13 Mayıs 2012 Pazar

28 Şubat: Ucu Nereye Dayanırsa

28 Şubat: Ucu Nereye Dayanırsa

Veysi ERKEN

Herkesin dilinde olmalı 28 Şubat.

28 Şubat soruşturmasının ucu nereye dayanırsa dayansın sürdürülmeli, takip edilmeli ve sonuçlandırılmalıdır.

Esasında 60 darbesinden başlayarak bütün darbeler soruşturulmalı ve darbeciler mahkûm edilmelidir.

Gelelim 28 Şubata.

28 Şubat darbesinin iki boyutu mutlaka çözülmelidir.

Birinci boyutu sivil, ekonomik, bürokratik, ticari ve yalakalık boyutlarıyla 28 Şubatçıları ortaya çıkarmak, milletten çaldıklarını millete iade etmek olmalıdır. O dönemdeki medya ayağı, yazarçizer müsvetteleri, akademisyen diye geçinen köleler, sanayici bilinen hortumcular ve bunları dinleyen bürokratlar mutlaka hesap vermelidir ki, bir daha hiç kimse despotizme heveslenmesin.

Doğuda köy yakan, boşaltan zalimlerden, okulların önünde çocukları ağlatan köle ruhlu idarecilerden, hastanelerde örtülüleri tedavi ettirmeyen firavunlardan hesap sorulmalı ve hiç kimsenin “la yüs’el” olmadığı gösterilmelidir.
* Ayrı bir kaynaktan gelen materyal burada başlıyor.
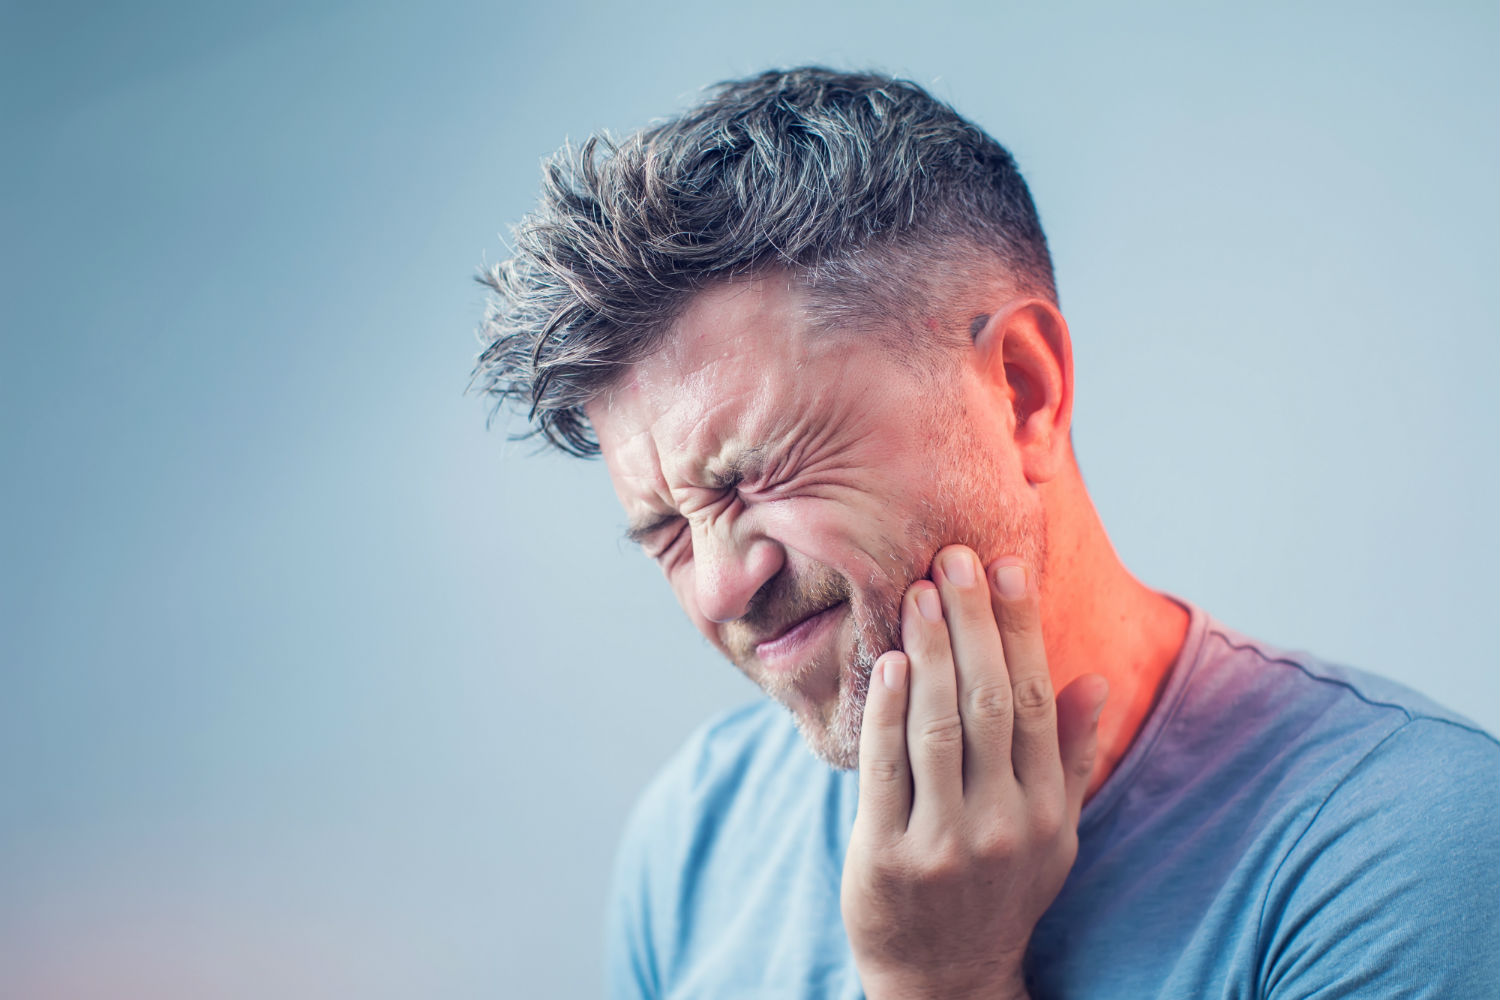  علاج ألم الأسنان الشديد في المنزل

Darbecilerden hesap sormak yetmez?

Darbe dönemlerinde oluşturulan mağduriyetler ve mazlumiyetler de telafi edilmelidir. Bu 28 Şubatın ikinci boyutunu oluşturur.

Başörtüsü mağduriyeti her yerde ve her zeminde telafi edilmeli. “Başörtüsü olmadan asla” denilmeli ve ülkenin bütün toprakları her zerresiyle birlikte örtülülere açılmalıdır. Örtü düşmanlığı yapan herkes cezalandırılmalı ve meslekten men edilmelidir.

Doçentlikleri ve profesörlükleri engellenenlerin hakları iade edilmeli ve 28 Şubat döneminde kurulan jürilerden hesap sorulmalıdır.

O dönemde terfi edemeyen, işinden atılan, eşinden ayrılmak mecburiyetinde bırakılan herkesin hakları iade edilmeli.

Bir maddelik kanunla en yüksek unvanlar ve özlük hakları verilmelidir.

Merve Kavakçı gibi binlerce mağdurun mağduriyetine son verilmeli ve ülke “gidemeyenlerin ülkesi” olmaktan çıkarılmalıdır.

Kısaca “Fırat’ın ötesinde bir koyunu kurt kapsa sorumlusu Ömer'dir” zihniyetiyle hareket edilerek kapılan ve yok edilenlerin hakları iade edilmelidir.

Bu çalışmalara her parti gönülden katılmalıdır. Katılmayan zalimlerin safında olmaya devam ediyor olacaktır.

Tabii ki, bu iş birinci derecede iktidar partisinin sorumluluğundadır.

Ancak bu yetmez?

MHP; CHP, BDP ve diğer bütün partiler iktidar partisini buna zorlamalıdır ki, dün ortağı oldukları zalimler hesap versin.

İktidar partisi zalimlerden hesap sormazsa hesap vermek zorunda bırakılsın.

Bir nevi yüzleşmeye davet ediyorum bütün partileri ve partilileri.

Dün geçmiştir.

Mağduriyetler ve mazlumiyetler yaşanmıştır.

Artık hür bir ülkede yaşayalım.

Mağduriyetler bitirilmelidir.

Darbeciler ve zalimler zulümlerinin hesabını vermelidir.

Gün namuslu olma ve mağduriyetleri giderme günüdür.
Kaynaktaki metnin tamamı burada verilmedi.